Seventy-five-year-old Park Jong-hwan has returned to the K-League Classic, for the first time since he left Korean football in 2006, to become coach of the citizens-funded club Seongnam FC.

Seongnam city government yesterday signed a three-year contract with Park. The club said it is still negotiating with Park about the details of the contract, including his salary, but Park agreed to manage the team no matter how much he receives.

Seongnam Ilhwa Chunma FC, the forerunner of Seongnam FC, was in danger of being dissolved due to the financial troubles of its operator, the Unification Church, but the municipal government said in October that it decided to take over the club to keep it in the city.

The club has had a hard time financing its operation since the Unification Church stopped supporting it after the death of its founder, the Rev. Moon Sun-myung, in September 2012.

The church shut down all of its sports businesses, including South Chungcheong Women’s Football Club and Sunmoon Peace Football Foundation, organizer of the Peace Cup Korea, an invitational preseason friendly football tournament for club teams that was held every two years. The church told the club to find a way to survive in the K-League on its own.

“We are very pleased to have Park, who has had an excellent career in Korean football,” Seongnam Mayor Lee Jae-myung said. “Park led the club’s forerunner for a long time. I think his knowledge and experience in football will definitely lead the team well.”

Park led the Korean national youth football team to the semifinals of the 1983 Mexico World Youth Championship with his strong charisma.

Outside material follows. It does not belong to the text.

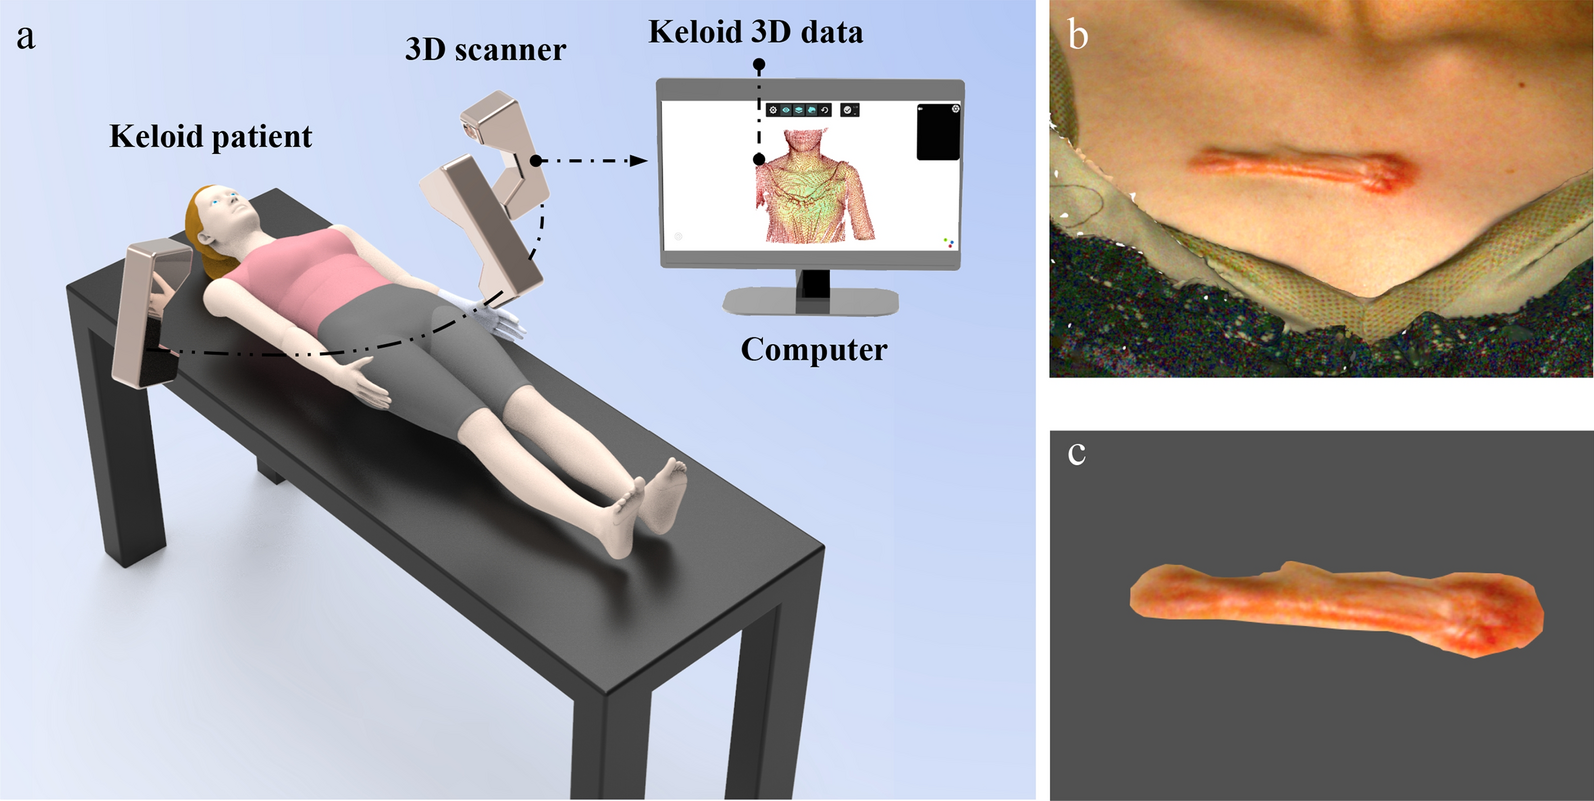 Application of high-precision 3D scanner in keloids evaluation to improve patients’ compliance: a questionnaire-based study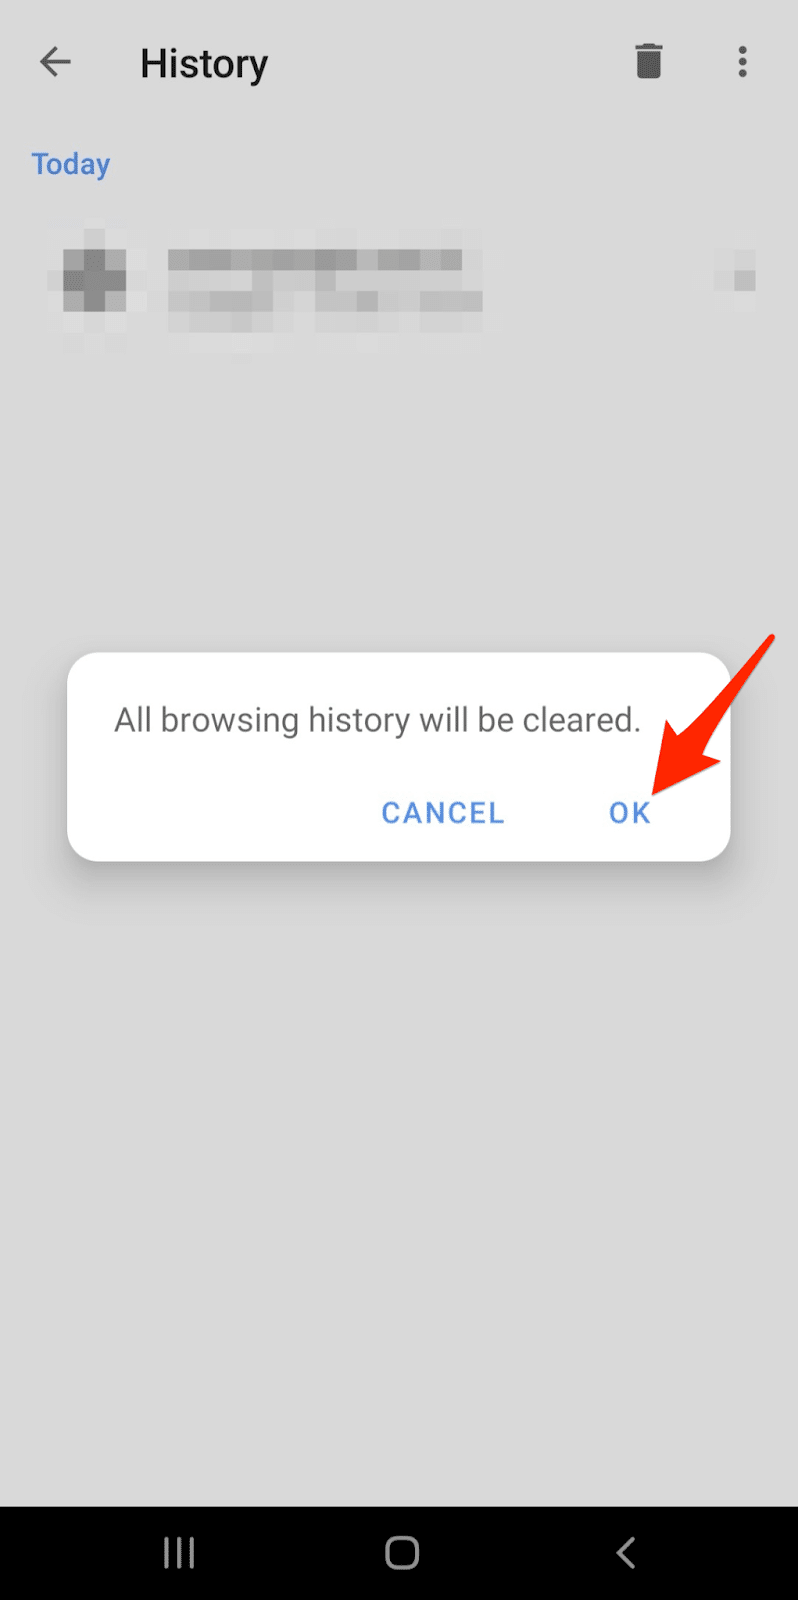 Tap the "OK" button to remove all browsing history

He then led Seongnam Ilhwa Chunma FC from 1989-95 and won three consecutive K-League titles from 1993-95. He also won the Asia Club Championship, now the AFC Champions League, in 1995. The 2006 season with Daegu FC was his last in the league.

“I’m very happy to be coming back to the football field,” Park said. “I will re-demonstrate the club’s own style that was once so-called bees’ football, which is similar to the Netherlands’ ‘total soccer.’?”

Park is considered a living football legend in Korea. He led the national football team several times in the 1980s and 1990s and developed Korea’s football style, which emphasizes players’ fighting spirit, mental strength and ability to aggressively challenge opponents. He was also known as the most aggressive coach in the history of Korean football for his military style. In the 2000s, some said his style isn’t competitive anymore because his football is too old-school. Park has been a football coach for 41 years.

“I never imagined that I would be working as a coach again,” Park said. “I know that there are some people who wonder about me coaching this team because I have not been around football for six years, but I decided to manage this team because I know that I can do this. I will try to develop this club as the best team in the league.”

Park also said he can contribute to the league. “Many of the K-League teams are currently under the leadership of young coaches who are only in their early 40s,” Park said.

“People say I play old football, but when I see those young coaches leading teams, I don’t see many differences from the time I did. Players’ personal football skills have improved in recent years, but some of the young players who lack experience in football are misleading those young prospects. They certainly need to wake up to show a professional-level football to fans. I think a return of an old coach like me will be a good wake-up call for those young leaders who certainly need to study football more.”